Sunday, March 11, 2018

The Importance of Being Sentimental


4th Sunday in Lent (B)


My dear friends, would you consider yourself a sentimental person? Do you, for example, have items that you keep for purely sentimental reasons? If you do, what happens to you when you look at them? What effect do they have on you?

Those of us who’ve had the opportunity to watch the movie Wonder Woman may recall that it begins and ends with just such an object. Something that has sentimental value. A faded old black-and-white photograph, which Wonder Woman receives as a gift at the beginning of the movie. And this object has a particular effect on our hero. It causes her to recall significant scenes from her past. Indeed the whole movie is an extended flashback. A retelling of the moving background story that gives that old photograph its deep meaning. Its sentimental value. A story that motivates Wonder Woman to continue fighting to save the world.

Sentimental objects that evoke significant memories and deep feelings. Filling people with the power they need to fulfil their mission. This is also what we find in our prayers and readings on this 4th Sunday in Lent. As we mentioned at the beginning, today is Laetare Sunday, from our entrance antiphon, which calls us all to rejoice! To be joyful! To exult and be satisfied! But how do we do all that? How do we make ourselves joyful and satisfied, especially if we happen to be sad or angry? Stressed out or frustrated? Sleepy or just plain bored?

Perhaps we need to do what Wonder Woman did in the movie. Perhaps we need to look at something with real sentimental value. Something like what we find in the first reading, which makes repeated references to the Temple in Jerusalem. A building that evokes very significant memories for the people of Judah. Reminding them of the story of their past. A story that the reading retells in a very moving way. A story of the people’s infidelity to God and, in sharp contrast, of God’s steadfast loyalty to them.

A story of how they kept insisting on worshipping idols. Of how they even defiled the Temple, the holy place where God had chosen to live among them. And yet, in spite of their stubborn disobedience, God did not hold the people’s sin against them. God kept sending messengers to call them back. Even when their rebellious ways eventually led to the destruction of the Temple, and their own exile in Babylon, God still refused to forget them. Refused to abandon them. But arranged instead for them to eventually return to Jerusalem, and to rebuild the Temple. A new sacred place for them to meet and to worship God. A fresh expression of God’s undying love and mercy towards them.

So that, for the people of Judah, the new Temple becomes something like what that faded old photograph was for Wonder Woman. An object of great sentimental value. Evoking significant memories and deep feelings. Giving them the power to carry out their mission. To live joyfully as a light to the nations. Bearing witness to God’s love in the world. Provided they know how to appreciate the Temple. Provided they allow themselves to be sentimental.

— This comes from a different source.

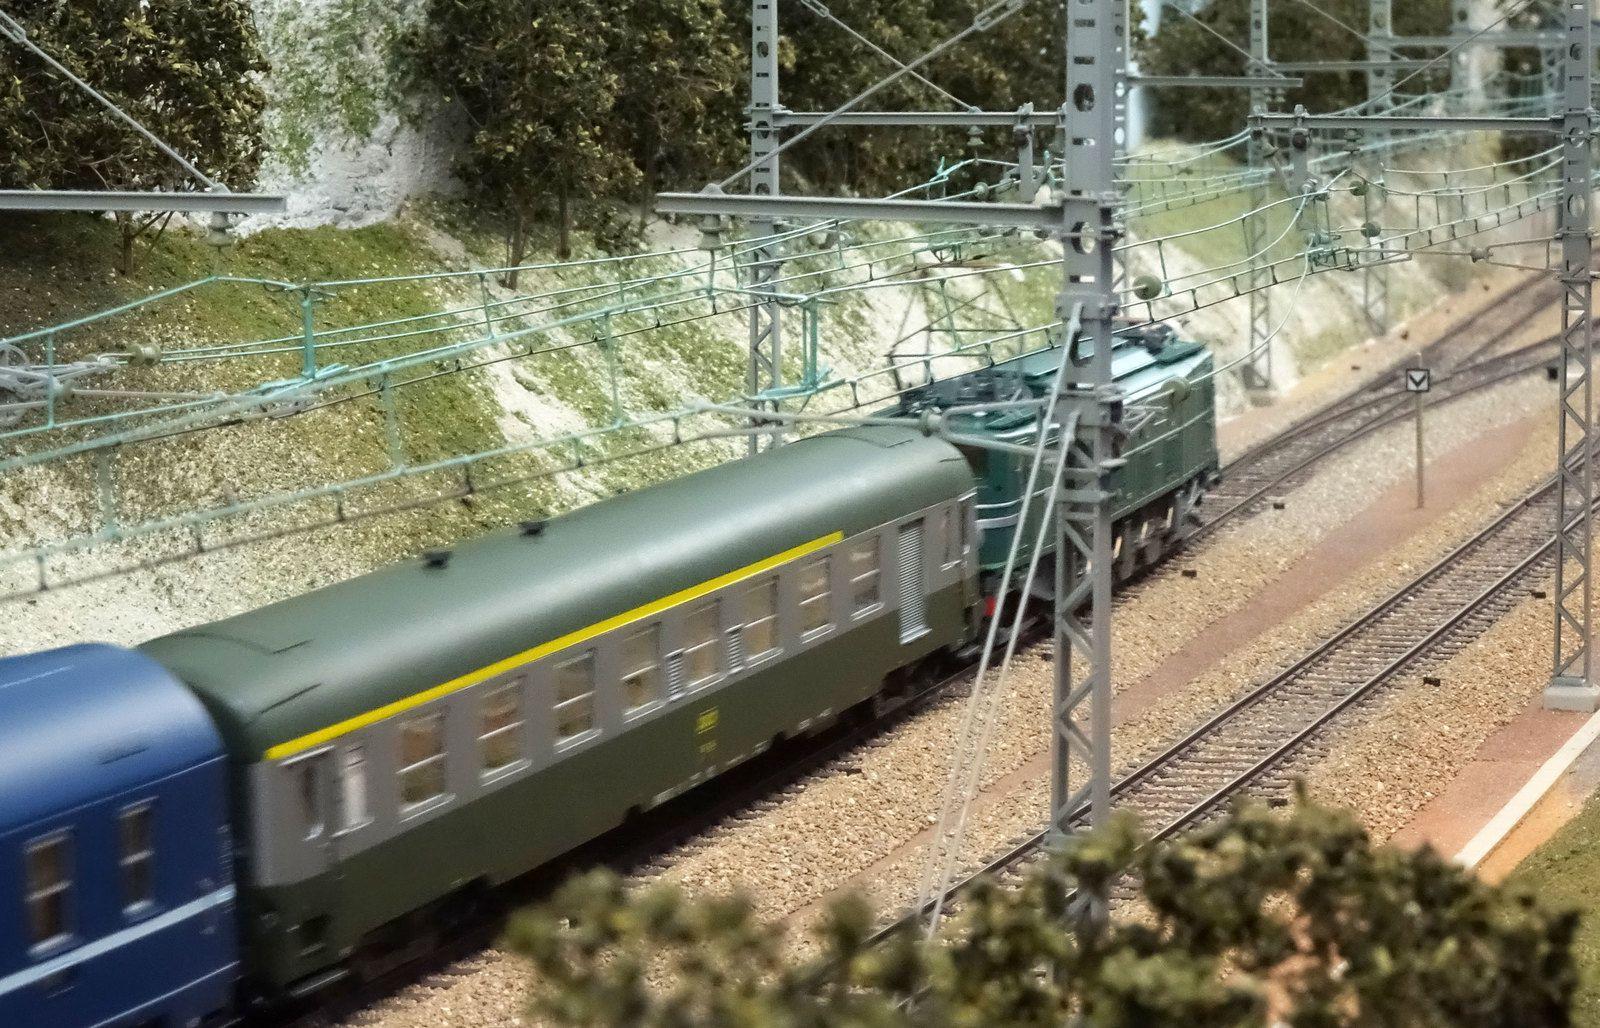 2D2 9100 en tête d'un train de nuit sur le réseau du RMB Gennevilliers.
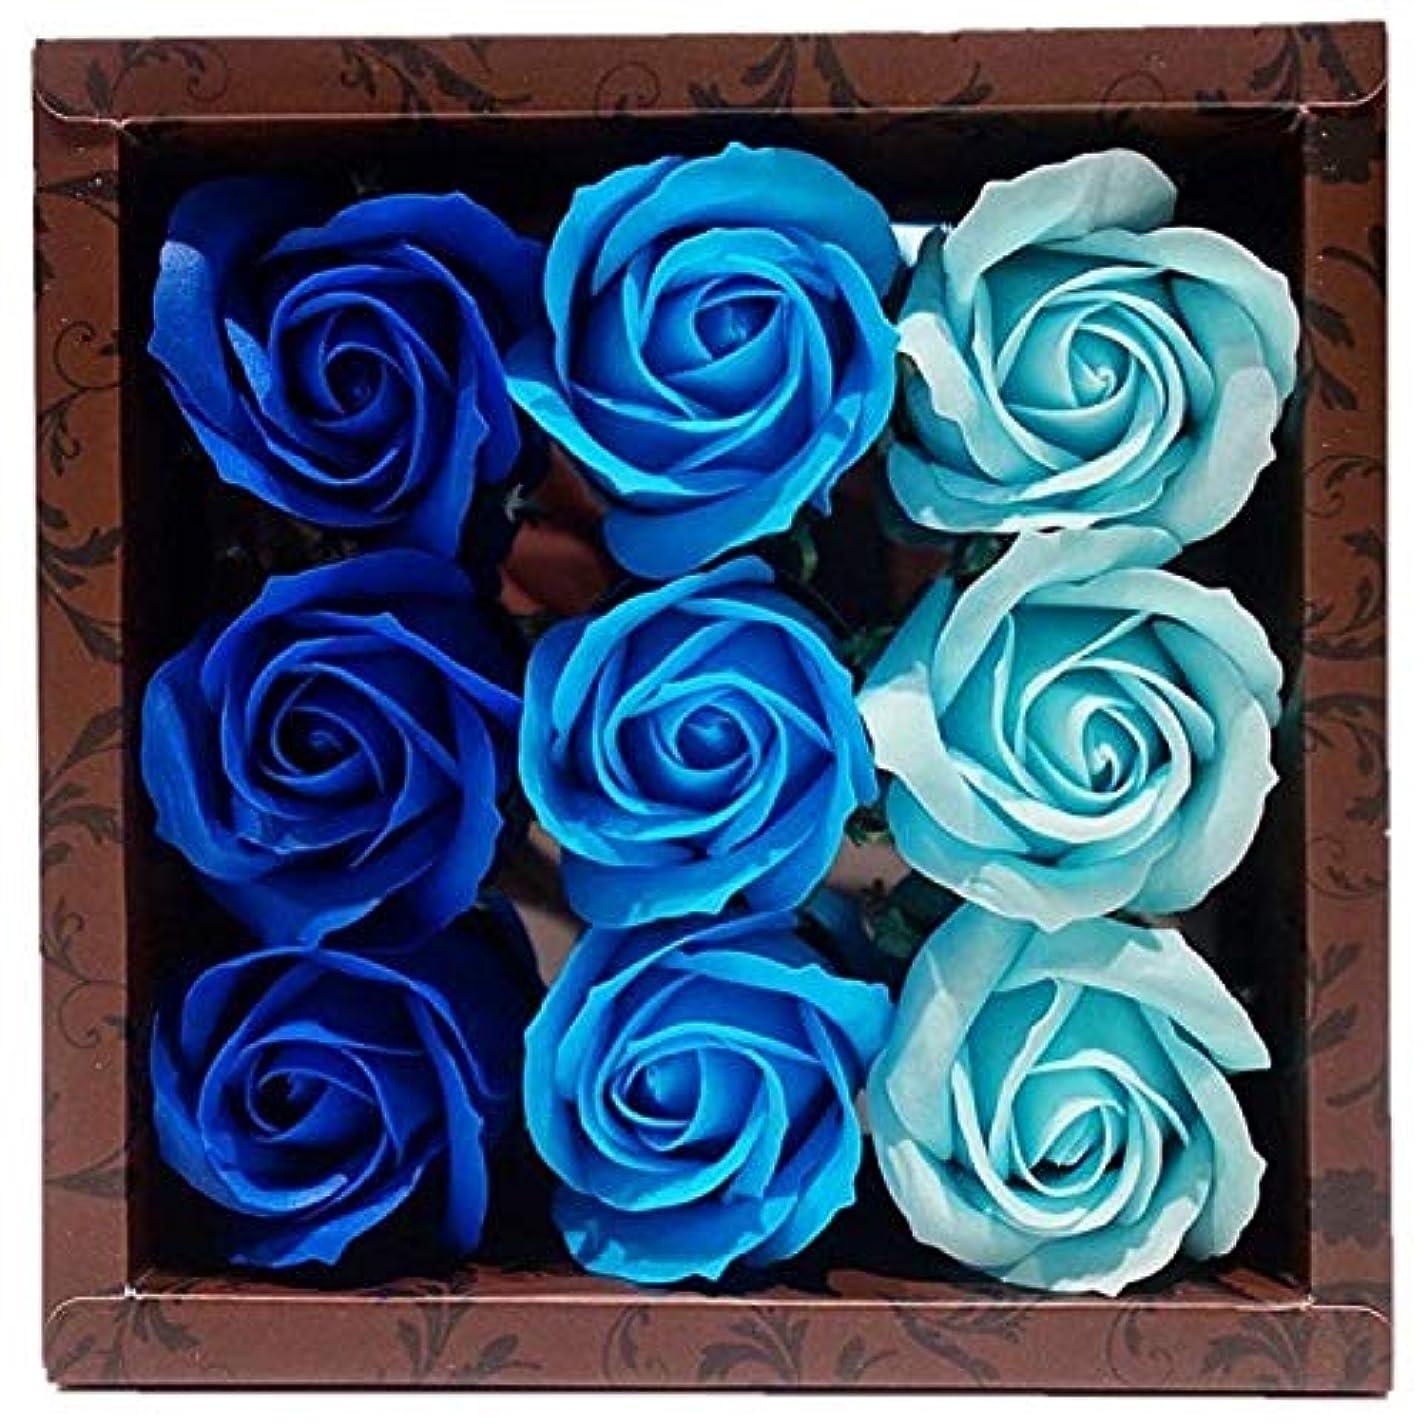 化粧ドアマインドフルバスフレグランス バスフラワー ローズフレグランス ブルーカラー ギフト お花の形の入浴剤 ばら

And it’s not just the people of Judah who are blessed in this way. The readings remind us that we Christians are too. That we also have been given something that can fill us with a similar power. Something of great sentimental value. Isn’t this what Jesus is saying to Nicodemus in the gospel? The Son of Man must be lifted up as Moses lifted up the serpent in the desert, so that everyone who believes may have eternal life in him. What does this mean, if not that the image of Christ on the Cross serves a similar purpose for us as the new Temple in Jerusalem did for the people of Judah. That it has, or should have, for us great sentimental value.

It should have the power to evoke significant memories and deep feelings in us, provided we believe wholeheartedly in the One that the image depicts, the One who was lifted up on the Cross. Provided we take the trouble to remember the moving background story of his Dying and Rising. And how it relates to us. The same story that the second reading summarises for us. The story of God’s indestructible love and mercy shown to us in Christ Jesus. When we were dead through our sins, he brought us to life with Christ… 

The image of Christ on the Cross, this should be for us an image of great sentimental value. It should evoke in us significant memories and deep feelings. The same memories and feelings that should permeate our every celebration of the Holy Eucharist. The same memories and feelings that have the power to fill our hearts with joy and gratitude. Motivating us to live our God-given mission to the full. To live by the truth. To live in the light. To show the world that everything we do is indeed done in God. In God’s love and mercy. In Christ Jesus.

But in order for this image to have its desired effect, we must first have the capacity to be moved by it. To become sentimental. Which isn’t always easy for us. We who often allow the distractions and difficulties of daily life to cause us to become jaded and hardened. Forgetful of the moving story of our salvation. And immune to the deep feelings it should evoke in us. As a result of which, we may sometimes come to Mass purely as a matter of routine, or obligation, without a true appreciation of its deeper meaning and awesome power. 

Isn’t this why we need this great season of Lent? A time for us to pause and allow ourselves once again to recall our story. To remember God’s love. And to regain the capacity to truly rejoice in the Lord. For if even a superhero like Wonder Woman must draw her power from sentimental things, then what more mere mortals like you and me.

My dear sisters and brothers, what must we do to allow the Lord to renew our capacity for experiencing true and godly sentiment today?